STRATEGIES FOR THE PREVENTION OF OSTEOPOROSIS IN SURGICALLY INDUCED MENOPAUSE: A SYSTEMATIC REVIEW OF CURRENT EVIDENCE

Authors

  • Lagiya Abdullaeva DSc, Department of Obstetrics and gynecology, reproductology, Tashkent state medical university, Tashkent, Uzbekistan
  • Mokhinur Egamberdieva Researcher of the Department of Obstetrics and gynecology, reproductology, Tashkent state medical university, Tashkent, Uzbekistan.

DOI:

https://doi.org/10.37547/

Keywords:

surgical menopause, osteoporosis, bone mineral density, hormone replacement therapy, systematic review, fracture risk.

Abstract

Surgically induced menopause, most commonly following bilateral oophorectomy, results in abrupt estrogen deficiency, leading to accelerated bone loss and a significantly increased risk of osteoporosis and fragility fractures. Compared to natural menopause, this condition is associated with more rapid deterioration of bone mineral density (BMD) and earlier onset of skeletal complications. Objective: to systematically evaluate current evidence on osteoporosis prevention in women with surgically induced menopause and to identify the most effective strategies for reducing bone loss and fracture risk. Methods: A systematic review was conducted in accordance with PRISMA guidelines. Electronic databases including PubMed, Scopus, and Web of Science were searched for studies published between 2000 and 2025. Eligible studies included randomized controlled trials, cohort studies, and meta-analyses assessing BMD changes, fracture risk, and preventive interventions such as hormone replacement therapy (HRT), calcium and vitamin D supplementation, and pharmacological treatments. Data were extracted and synthesized qualitatively due to heterogeneity among studies. Results: A total of 32 studies involving approximately 18,500 women were included. Surgically induced menopause was associated with rapid bone loss, with BMD declining by 2–7% annually in early post-surgical years. HRT demonstrated the most significant protective effect, reducing bone loss by 40–60% and lowering fracture risk by up to 50%. Calcium and vitamin D supplementation provided modest benefits, while bisphosphonates and other antiresorptive agents were effective in high-risk populations.
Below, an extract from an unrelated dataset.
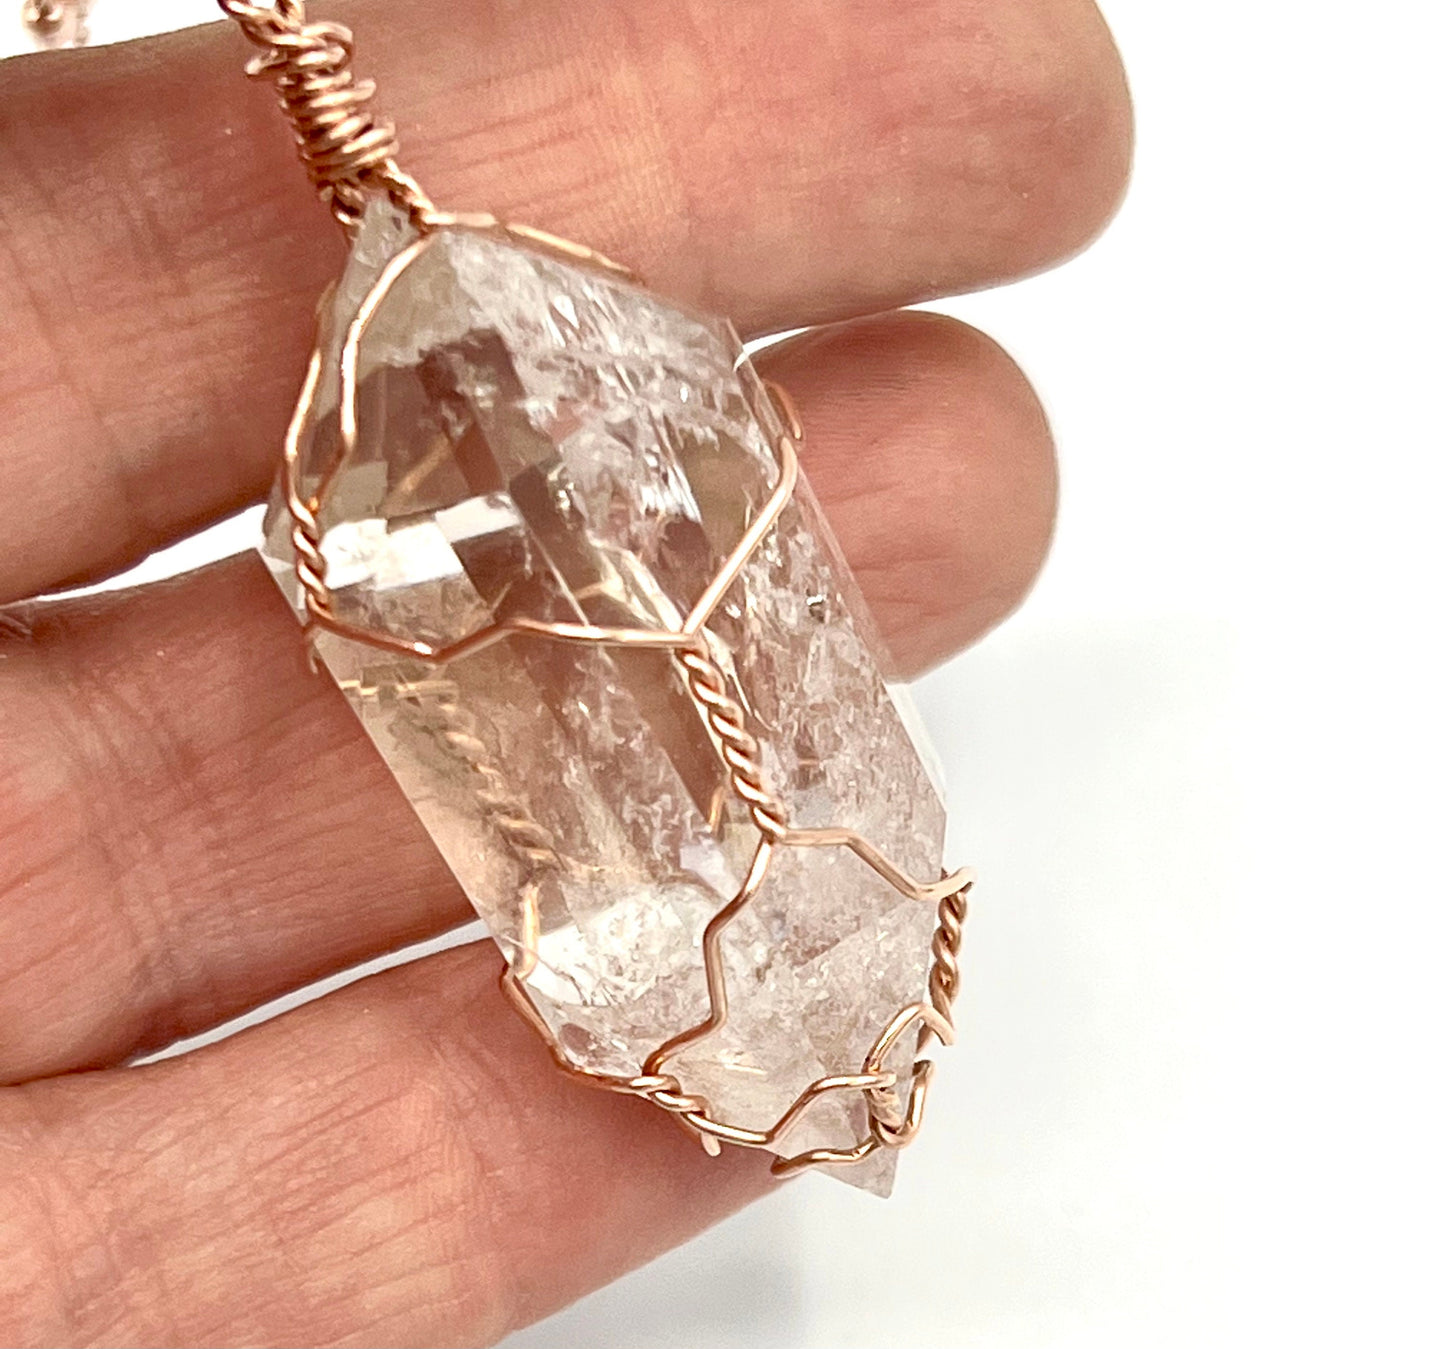 Clear Quartz Crystal Pendant Necklace Point wired Healing stone Gemstone Rose gold silver
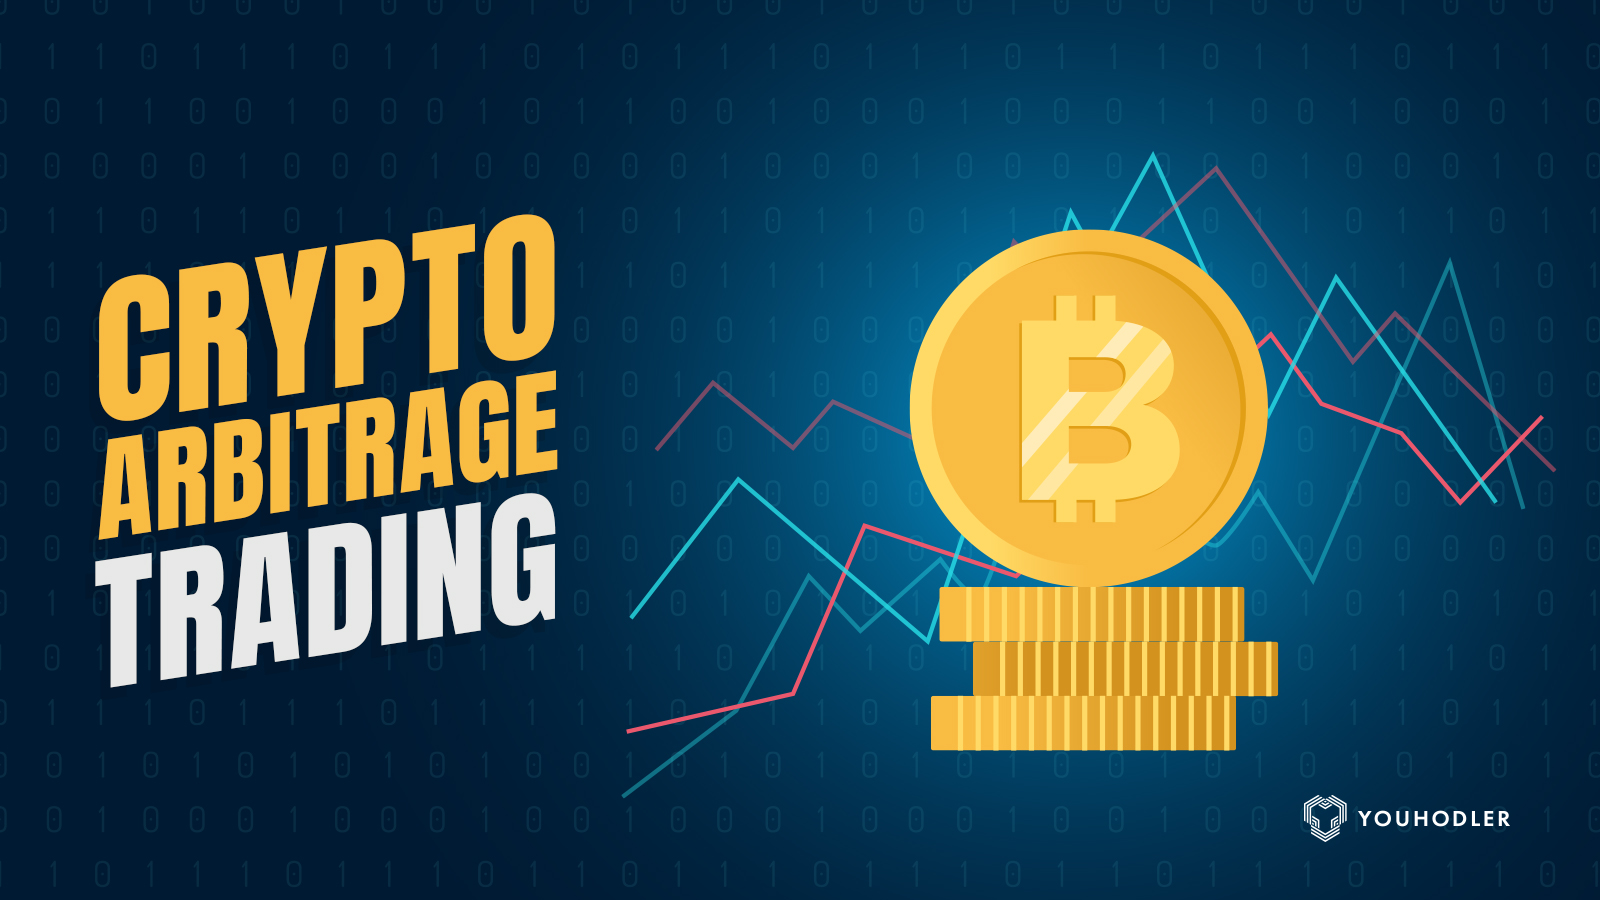 How to Find the Best Crypto Arbitrage Opportunities

Combined preventive strategies showed superior outcomes compared to monotherapy. Early initiation of treatment was consistently associated with improved bone health outcomes. Conclusion: Women with surgically induced menopause are at high risk for accelerated bone loss and osteoporosis. Early, combined, and individualized prevention strategies—particularly those including hormone replacement therapy—are essential to reduce fracture risk and improve long-term outcomes.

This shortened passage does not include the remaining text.